I have a D5000 body I converted to IR.


----------



## CSG

Lots of nice work in this thread!

I have more cameras than watches. Started shooting pictures around '63-4 and my stepdad gave me his old Agfa Speedex B which I still have but the bellows are shot. I moved through 35mm, starting in high school with a Yashica J rangefinder (which I still have) and had a series of other rangefinders (got 'em all). After college, my grandfather gave me a nice Olympus OM-1 set-up with three lenses. Later, I bought a Leica M4 with a 5cm Summicron Dual Range. When digital hit, I went through a number of P&S cameras, then bought a Nikon D90 (and later, a D7200). But what I use today are a selection of Fujis (XPro1, XT1, Xe3 with a number of lenses). I'm a big fan of Fuji and, usually, shoot them manual as that's the way I'm used to doing things. I do use autofocus almost always.
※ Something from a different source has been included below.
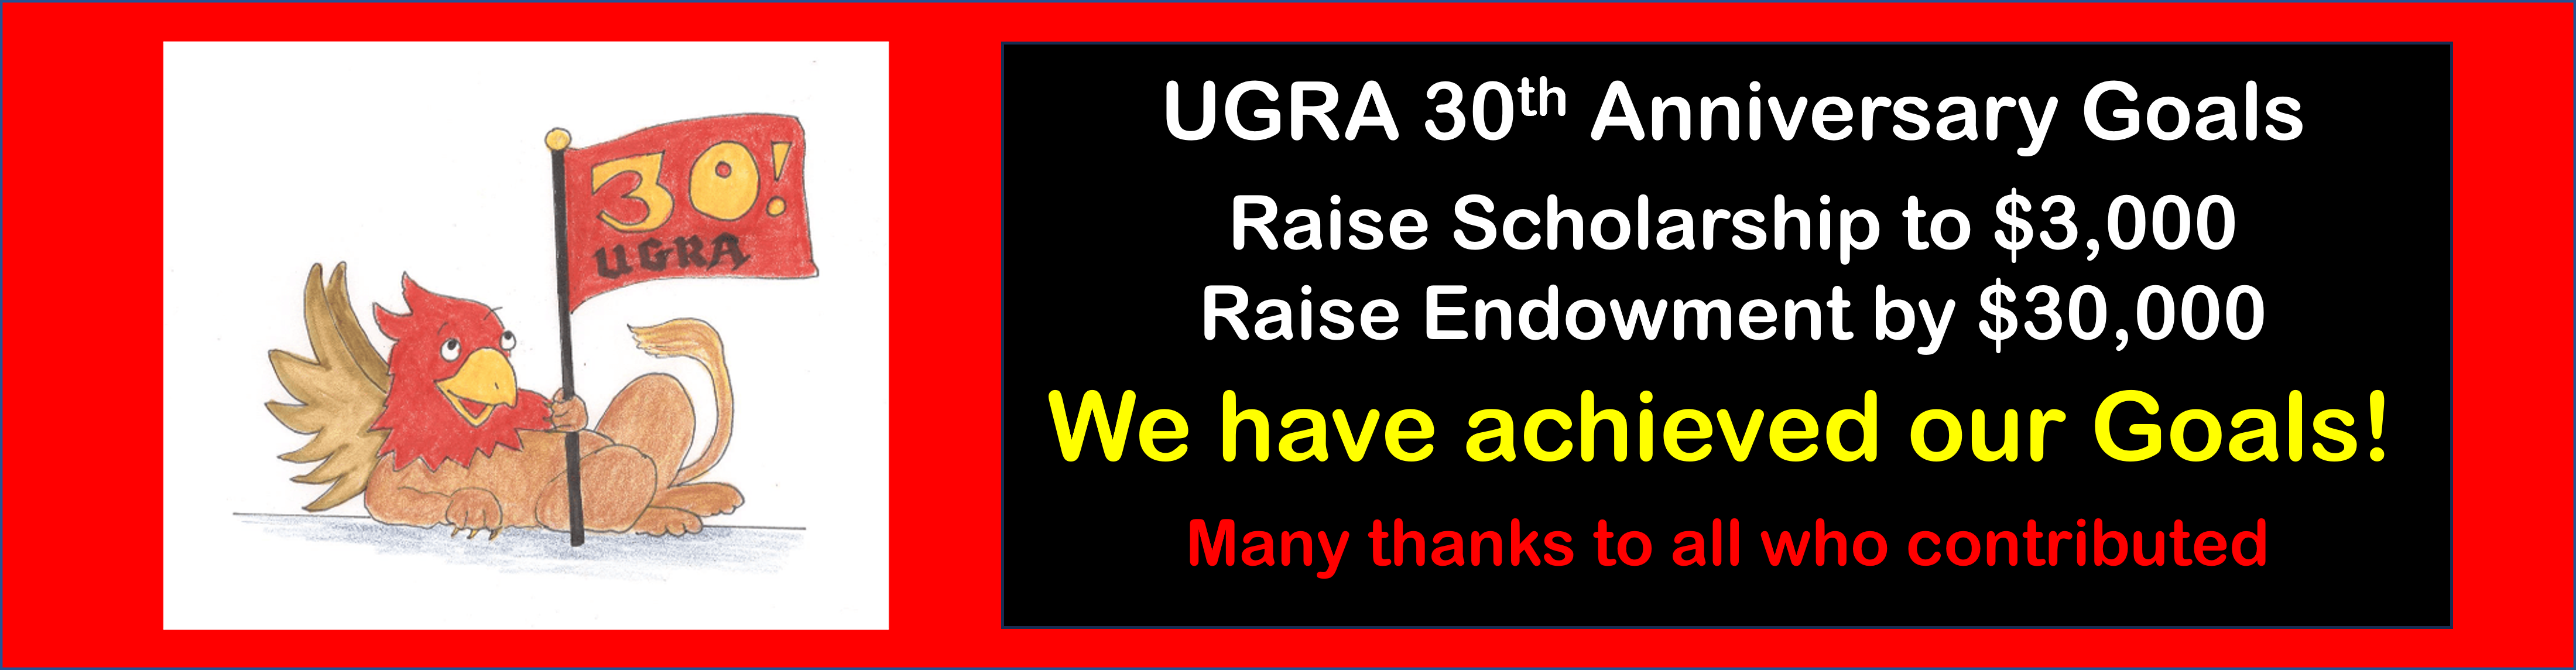 UGRA celebrates 30 years

No point in upgrading the older Fujis because they were great cameras when they came out and remain so today. He's a photo from the south rim of the Grand Canyon taken with the XPro1:


----------



## 1465354

For many years, I used a Nikon SLR, then embracing the digital world once the resolution was high enough for prints to rival film...I bought and still own a Canon EOS 60D, with prime lens and a medium zoom telephoto. But for many years, I've lusted after a Leica, and finally bought a D-Lux7. I decided on this because I just couldn't afford Leica Glass. Some of the lenses cost as much as a car! The D-Lux 7 comes with a permanently attached lens, a very fast

24-75mm f/1.7-2.8 Vario-Summilux lens with O.I.S. - Versatile all-purpose zoom
to which I immediately added Leica's $85 Automatic Lens Cover. That particular accessory is worth every penny! Don't have to remember to remove lens cap (I'm 73 and forgetful), and I can no longer misplace the darn thing!
UPDATE!
Since I've always lusted after a Leica Monochrom, but couldn't afford both the camera and a prohibitively expensive lens, (for me anyway) I am hugely excited by the release of the Leica Q2 Monochrom, with its included Leica Summilux 28mm f/1.7 ASPH. A total price of just over $6000 has me thinking maybe!
Cheers,
Lunger


----------



## jbholsters

My cameras are becoming dinosours! I have a Canon 1DsMKII, 5DMKII, and a 40D. I have a R6 on order and waiting for it to come in. Next year Canon is rumored to be releasing a R5s, which will be 83MP and dump a lot of the video features for a more photo based package. So I will definely be getting one of those if the rumors are true. Although 83mp is a little overkill unless you are printing massive prints.


----------



## jbholsters

CSG said:


> Lots of nice work in this thread!
> 
> I have more cameras than watches. Started shooting pictures around '63-4 and my stepdad gave me his old Agfa Speedex B which I still have but the bellows are shot. I moved through 35mm, starting in high school with a Yashica J rangefinder (which I still have) and had a series of other rangefinders (got 'em all). After college, my grandfather gave me a nice Olympus OM-1 set-up with three lenses. Later, I bought a Leica M4 with a 5cm Summicron Dual Range. When digital hit, I went through a number of P&S cameras, then bought a Nikon D90 (and later, a D7200). But what I use today are a selection of Fujis (XPro1, XT1, Xe3 with a number of lenses). I'm a big fan of Fuji and, usually, shoot them manual as that's the way I'm used to doing things. I do use autofocus almost always. No point in upgrading the older Fujis because they were great cameras when they came out and remain so today. He's a photo from the south rim of the Grand Canyon taken with the XPro1:


Wow! great picture!


----------



## CSG

jbholsters said:


> Wow! great picture!


Thank you.


----------



## Mark Bender

Fuji - XT3. great camera especially for my purposes.. Which is travel, and lifestyle photography.


----------



## xaradaisy

Currently I have:

Leica Q
Nikon Df (SIlver)
Sony Rx1RII
Sony A7RII

an several lenses.

I will be consolidating to 1 or 2 systems at most.


----------



## Xerxes300

Nikon P1000....  it's the only one i have besides the phone


----------



## Zhanming057

Recently switched from an A7rII and RX1RII to this. Loving it so far, and might even get a 2nd X system body to pair it up with.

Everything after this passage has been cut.